The Power of a Voice
Over the course of her 78 years, Carmel Valerio can remember so many of the voices that have spoken into her life.
She clearly remembers the voice of her abusive father, who delivered a steady barrage of insults, humiliation, and contempt. Her exposure to his voice intensified when he removed her from school from the age of 8 to help raise her siblings so her stepmother could begin working outside the home.
Filled with hatred, resentment, and immense pain from all the abuse she received, Carmel said she began to hear another voice at age 14. This voice, an evil one, said things such as, “Nobody loves you!” and “You’re worthless.” That voice even offered a solution: “Take your life.”

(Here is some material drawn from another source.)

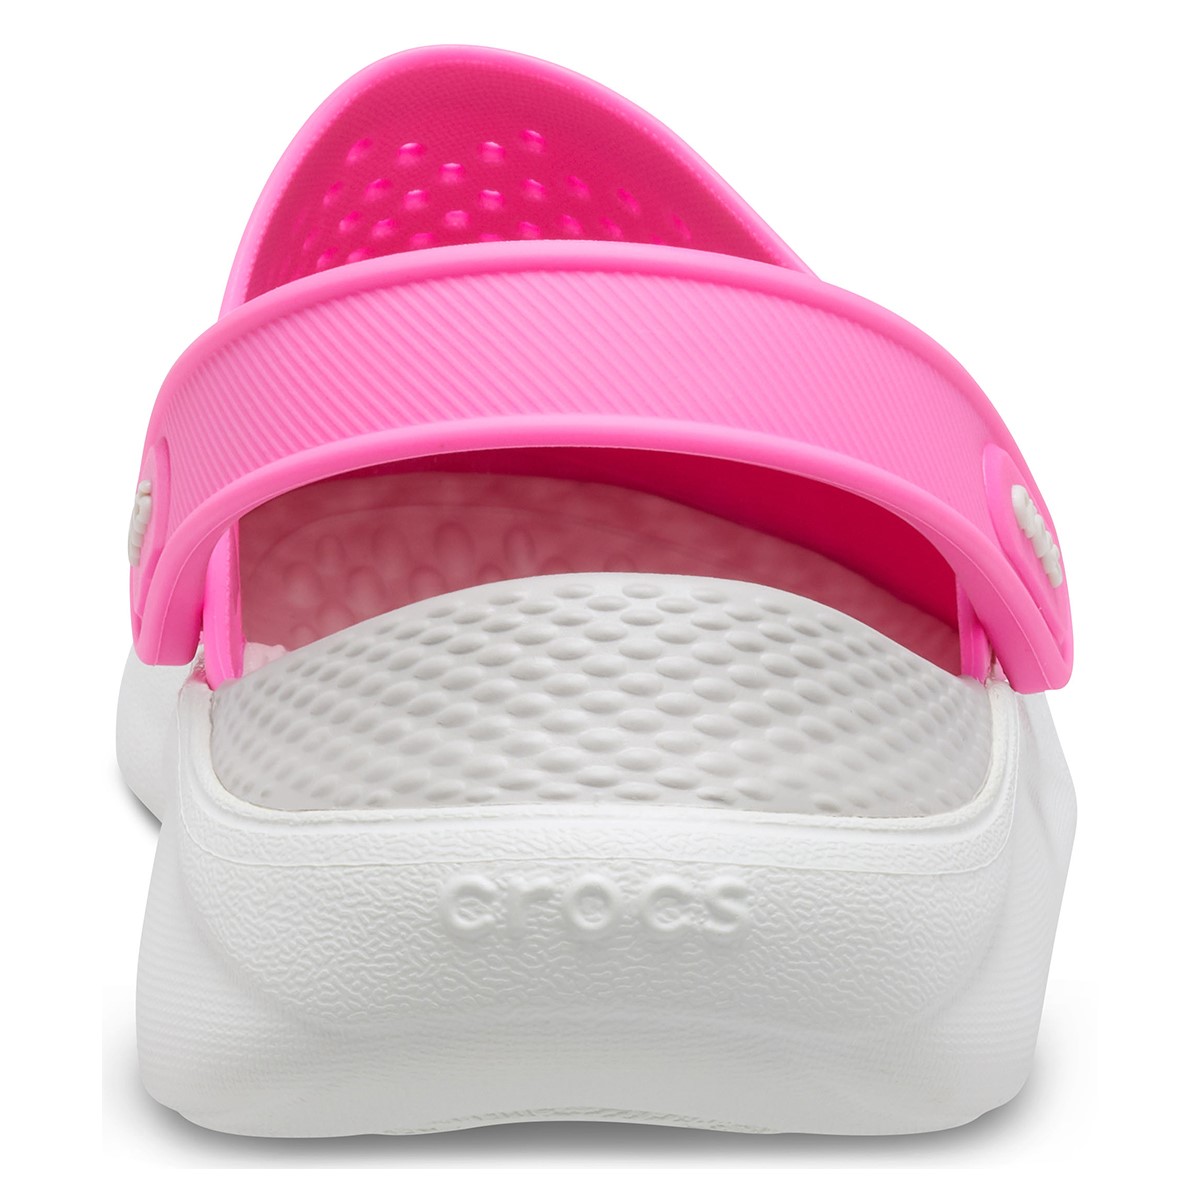 Crocs Unisex Sandalet 204592 Electric Pink/Almost White

The more she listened to that voice, the more she was convinced that would be her escape. On the day she had decided to attempt suicide, however, she heard yet another voice. In her deepest despair, Carmel said she heard that voice repeating over and over:
“I love you. I love you. I love you.”
Carmel realized that voice—which halted her suicide attempt—was the voice of God, showing her that He had a glorious purpose to fulfill in her. In that moment, she said God began to heal her of all the bitterness, resentment, and hatred she felt for her father. Filled with new hope, she got up from the floor and ran to see herself in the mirror.
It was a milestone in her life: she had never looked at herself in a mirror before that moment, assuming there was nothing worth looking at because her father had always told her she was ugly. But that day, in front of that mirror, Carmel discovered she was a beautiful and new creation.
“I began to feel special and light, because God had taken away my heavy burdens,” she said.
From time to time, her grandmother would take her to church. This is where Carmel recognized who the Lord Jesus is and where she began to serve Him. “The environment I was in and my circumstances didn’t change,” she said, “but God changed me.”
One of the things God was changing was how she viewed her father—not as a man filled with hate and one to be hated, but as a man who needed Jesus. Now it was her voice that could speak into her father’s life. A year before he died, the voice of God led her to share the gospel with him and he, in tears, accepted Jesus into his life.
Another voice would soon begin speaking into Carmel’s life. At age 16, she met her husband, Elias, at church. They were married for 58 years, most of which time he spent serving as a missionary and church planter in several towns across Texas and Mexico. Carmel and their five children were right there with him, faithfully by his side. Elias pastored a Hispanic mission church started out of First Baptist Church of Watauga before passing away at the age of 85.
God called Carmel to personal evangelism through her husband. According to Carmel, one day, as she was thanking God for the way He was using her husband to share the gospel with great results, she heard the same loving voice of the Lord that spoke to her at the time of her salvation many years before.
“And what are you doing for Me?” she felt the Lord saying to her. “You are called to do my work. I want you to speak and testify about Me.”
Upon hearing from the Lord, Carmel said she got on her knees and asked God for forgiveness because she did not feel qualified to speak to others about Christ because she said she did not know how to speak beautifully. She admits that she would always get nervous when approached by other women who seemed to speak more eloquently.
The assuring voice of her husband, along with the nudging from the Lord, helped her begin to feel differently. “Don’t feel that way,” she remembered her husband saying to her. “The most important thing is that you love God. There are many people who know the Word of God, they are good teachers, they are good speakers, but that does not mean that they are consecrated to God. They know many things about God in mind, but not in heart.”
God doesn’t want you to speak well. He just wants you to say what He asked you to say.
Carmel Valerio Tweet
From that moment on, Carmel began to understand that “God doesn’t want you to speak well. He just wants you to say what He asked you to say.”
Since that realization, she has used her God-given voice to share the gospel with hundreds of people. She has won souls for Christ by teaching English as a Second Language, sharing about Jesus in jails, public restrooms, in her neighborhood, at garage sales, in stores and malls, even among people of different nationalities. Her workplaces became mission fields, including the medical clinic where she worked as a janitor. God often allowed her to go into the rooms where medical care was being given to pray for patients and present the gospel to them.
“The first pews in the church were filled with people I prayed for in the clinic,” Carmel said.
She saw sick people being healed through her prayers of faith and many souls being saved. She also worked as a chaplain for Marketplace Ministries where she was known as “the woman of God,” which she says is a privilege.
Though the voice of her husband remains in her memories, she remains steadfast in her relationship with the Lord and her calling.
“Now, instead of having my husband by my side, I have my Bible, my hymnal, and I praise the Lord,” she said.
Her desire is to help other sisters who have suffered a loss like hers, to overcome their depression through Jesus. “Illnesses are good because they make us trust in God and live happier,” she said. “For as long as God gives us life, we need to give the message of salvation to everyone who is suffering.”
A message that she, herself, once heard because she chose to listen to a still, small, and loving voice.